By investing time and resources in hardware, Samsung hopes to see reap rewards over time. Tuckman explained, “We believe Samsung Pay, including the MST technology, is the start of what we hope will provide more strategic business options for Samsung down the road that will benefit as many consumers as possible.”

According to Samsung, their technology works with 90% of the top 250 retailers in the world, allowing Samsung to focus on perfecting its digital wallet instead of convincing retailers to upgrade their hardware.

Looking at the results

Data to evaluate Samsung Pay’s success is limited – the mobile wallet was launched in South Korea and the US in August and September of 2015, respectively.
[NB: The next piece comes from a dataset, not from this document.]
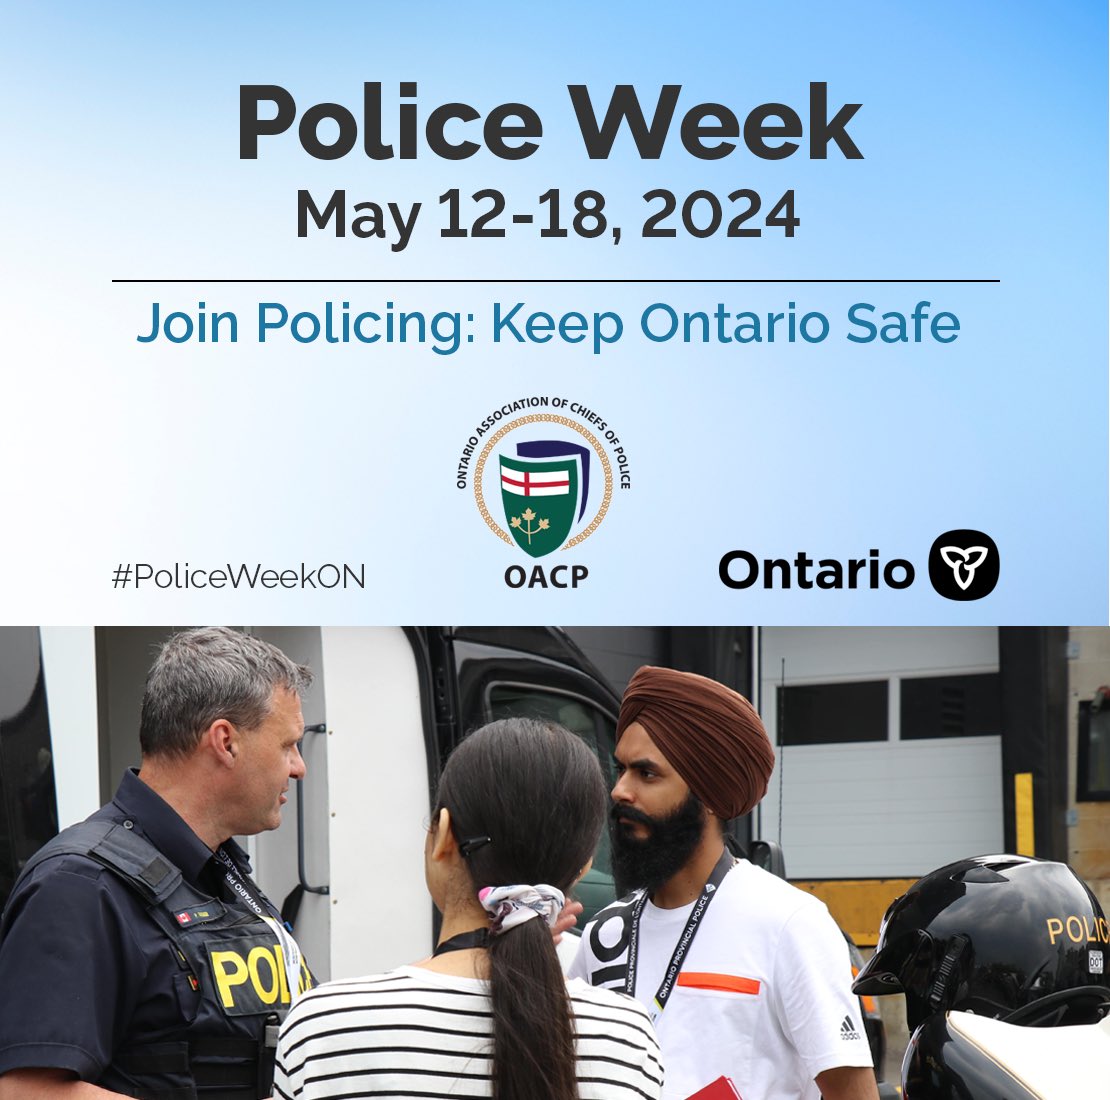 It’s #PoliceWeekON in Ontario! 🚓 Thank you to @DRPS (Durham Regional Police) for working to keep #durham safe! #onpoli #police #safety

Results are promising, but not out of this world; in February of 2016, Samsung reported 5 million registered users and over $500M dollars processed. Samsung recently launched in Spain, Singapore, and Australia, and is looking to open in Brazil, Canada, and the U.K. by the end of ’16.

Other signs point to future success for Samsun Pay. The first step to getting users to use Samsung’s mobile wallet is getting a Samsung phone in their hands. Over the past year, Samsung has led the smartphone industry in sales, accounting for 22.5% of total smartphone sales. If Samsung can maintain or grow a high market share of smartphone sales and introduce customers to its digital wallet, the company has a chance at becoming a mobile payments leader.

Three faces of competition

Samsung Pay seems to have a solid game plan, but still has an uphill climb to reach the top of the mobile payments mountain.

There’s no doubt that Samsung has unique hardware, but tech advantages are usually short lived. Samsung’s MST technology allows users to purchase via an install base of credit card machines. But with new chip and pin units rolling out across the U.S. and already in Europe, that advantage will soon close.

In addition to competing with other digital wallets, Samsung Pay has to contend with retailers, too. Many top retailers are developing their own mobile payment apps, hoping to retain customers through exclusive benefits, rewards, and other personalized experiences. As retailers develop better mobile payment apps, digital wallets like Samsung Pay could have a tougher time gaining market share.

The two above problems pale in comparison to the biggest problem facing Samsung Pay: the credit card itself. Although a credit card isn’t a digital wallet, you could argue it’s the largest mobile payment device. According to the Nilson Report, U.S. credit card transaction volume was $4.7 trillion in 2015, dwarfing the $620 billion global mobile payments market. Until customers become more accustomed to taking out their phones instead of their wallets, mobile payments will continue to be the little brother to credit cards.

Early trends make the difference

Samsung Pay is positioned well, but it’s still unclear if and how fast mobile payments become the go-to form of payment. Regardless, the battle for digital wallet superiority may be determined soon, during the infancy of mobile payments. As the market grows, the dominant digital wallet may see itself growing exponentially. By developing customer loyalty, continuing market share dominance, and providing vendors with easy solutions to accept its mobile wallet, Samsung Pay has its eyes on the mobile payments prize.